Boeing is taking part in a collaborative research project that will use machine learning to reduce the cost and increase the speed of metal additive manufacturing (AM) for aerospace.
In doing this the partners of project MEDAL (Machine Learning for Additive Manufacturing Experimental Design) will accelerate the product development lifecycle of aerospace components, while at the same time encouraging the production of lightweight, energy-efficient aircraft to support net-zero aviation targets.
In addition to Boeing, project parters include AI firm Intellegens and the University of Sheffield’s Additive Manufacturing Research Centre (AMRC).
Intellegens, a University of Cambridge spin-out and completer of the ATI Boeing Accelerator, will lead the project.
Lengthy and expensive certification cycles
Aerospace components have to withstand certain loads and temperature resistances, and some materials are limited in what they can offer. There is also simultaneous push for lower weight and higher temperature resistance for better fuel efficiency, bringing new or previously impractical-to-machine metals into the aerospace material mix.

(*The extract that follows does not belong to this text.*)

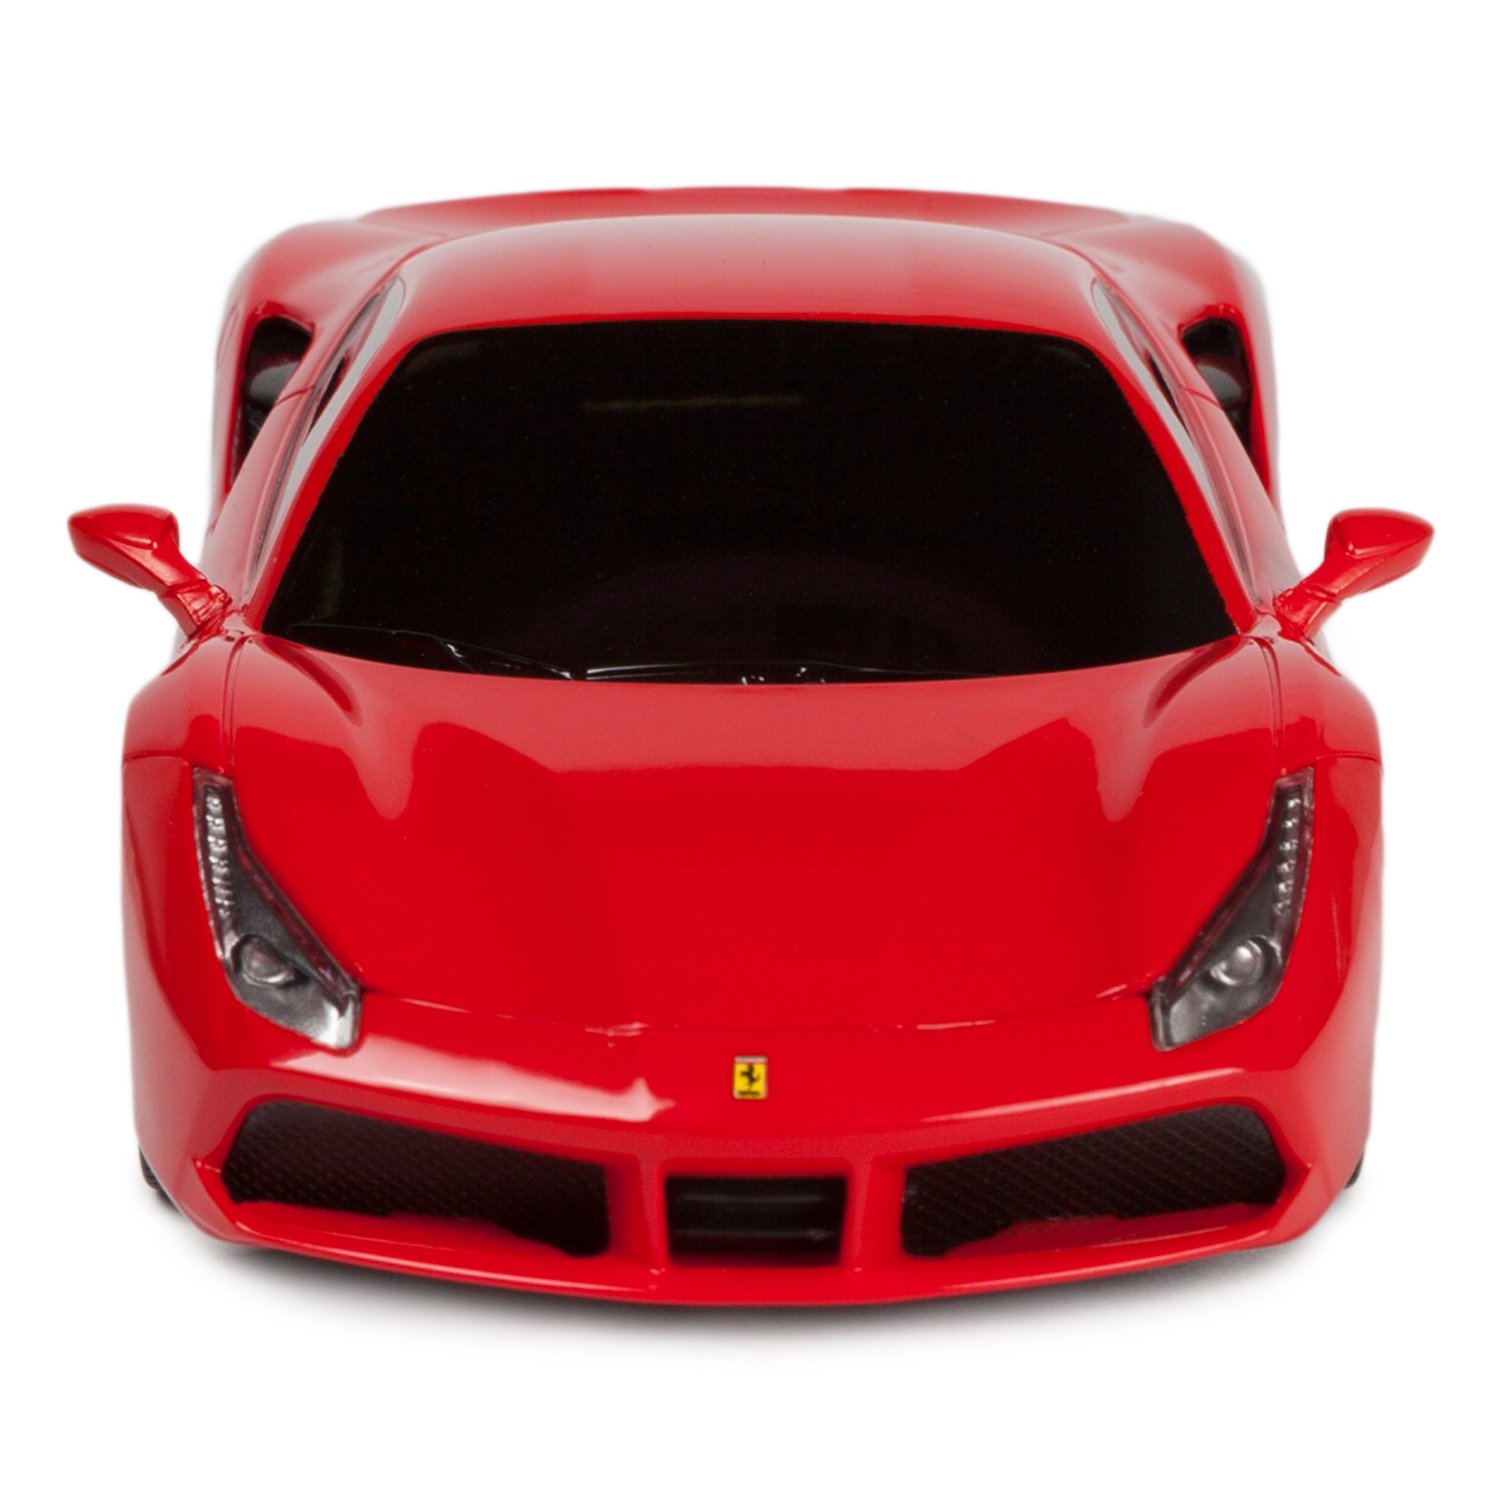 Машинка на радиоуправлении 1:24 Rastar «Ferrari GTB 488» 76000, Красный

One of the main drawbacks of AM is the limited material selection currently available. In addition, the design of new materials – particularly in the aerospace industry – requires expensive and extensive testing and certification cycles, which can take longer than a year to complete and cost as much as £1 million.

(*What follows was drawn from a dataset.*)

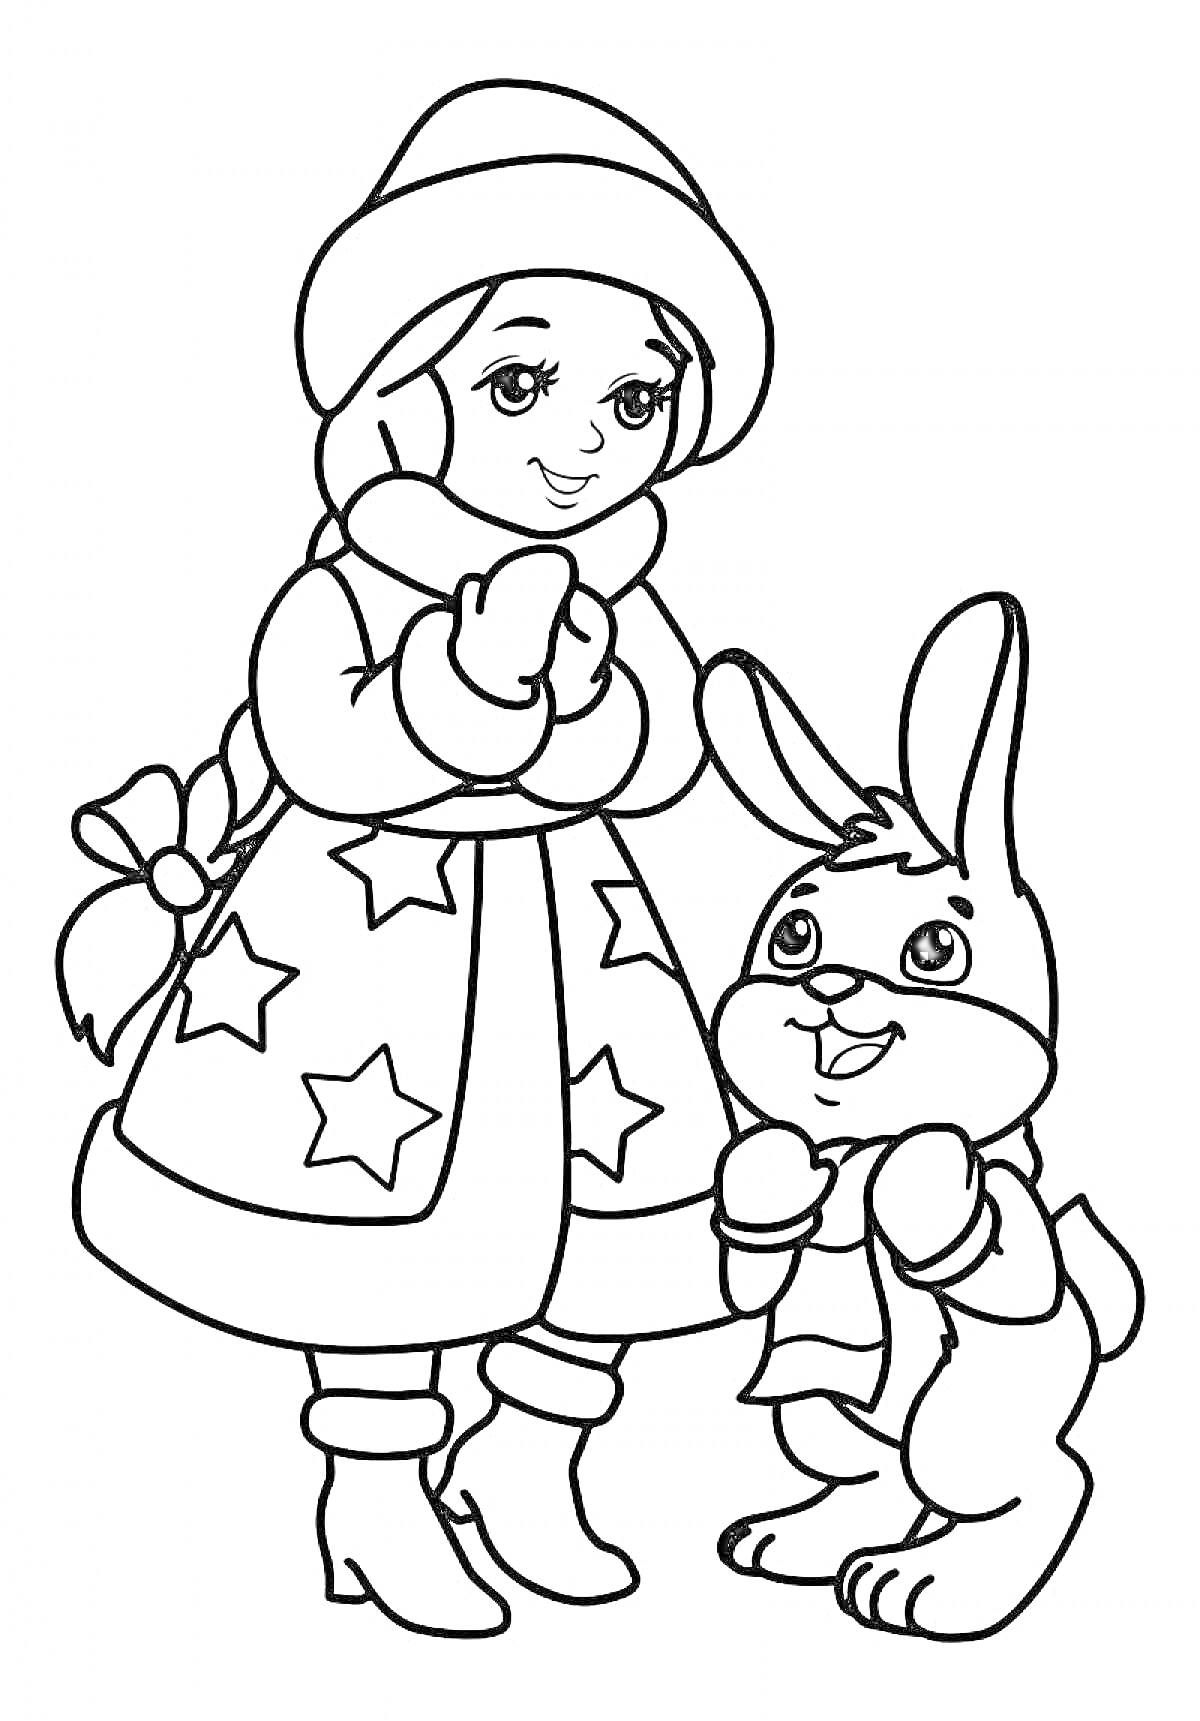 Раскраска Девочка в зимней одежде и заяц в шарфике

MEDAL aims to accelerate this process using machine learning to rapidly optimise laser powder bed fusion processing parameters for new metal alloys, making the development process more time and cost-efficient.

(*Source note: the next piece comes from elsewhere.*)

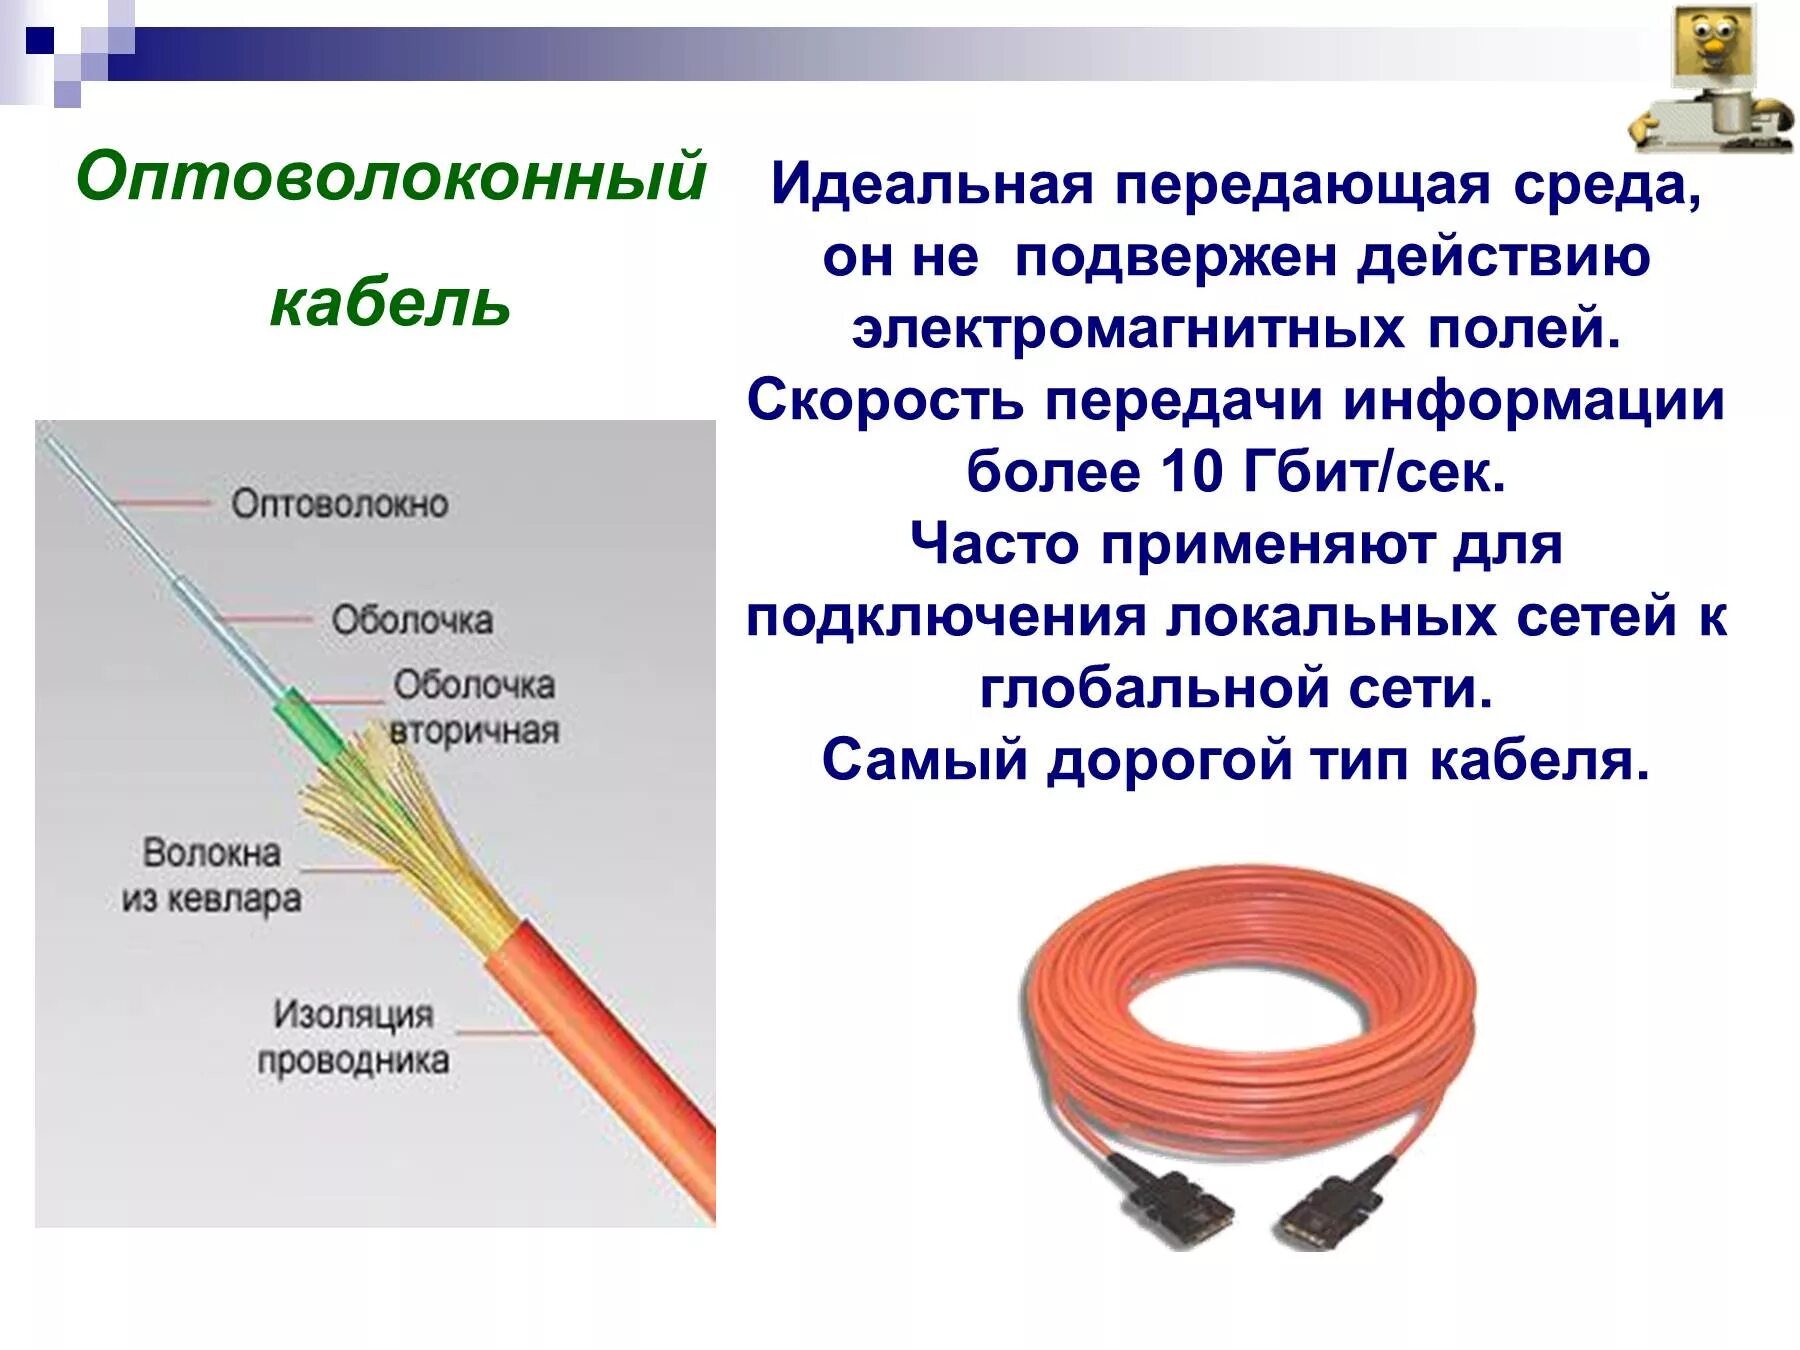 Волокнооптические кабеля скорость передачи. Волоконно оптический кабель скорость передачи данных. Витая пара скорость передачи и оптоволокно. Скорость передачи данных по волоконно-оптическому кабелю.

Optimisation through machine learning
Experimental design techniques are extremely important to develop new products and processes in a cost-effective and confident manner. The most common approach is Design of Experiments (DOE), a statistical method that builds a mathematical model of a system by simultaneously investigating the effects of various factors.
‘DOE is a more efficient, systematic way of choosing and carrying out experiments compared to the Change One Separate variable at a Time (COST) approach,’ said Ben Pellegrini, CEO of Intellegens. ‘However, the high number of experiments required to obtain a reliable covering of the search space means that DOE can still be a lengthy and costly process, which can be improved.’
The MEDAL machine learning solution will significantly reduce the need for many experimental cycles by around 80 per cent, according to Pellegrini.
‘The software platform will be able to suggest the most important experiments needed to optimise AM processing parameters, in order to manufacture parts that meet specific target properties,’ he explained. ‘The platform will make the development process for AM metal alloys more time and cost-efficient. This will in turn accelerate the production of more lightweight and integrated aerospace components, leading to more efficient aircraft and improved environmental impact.’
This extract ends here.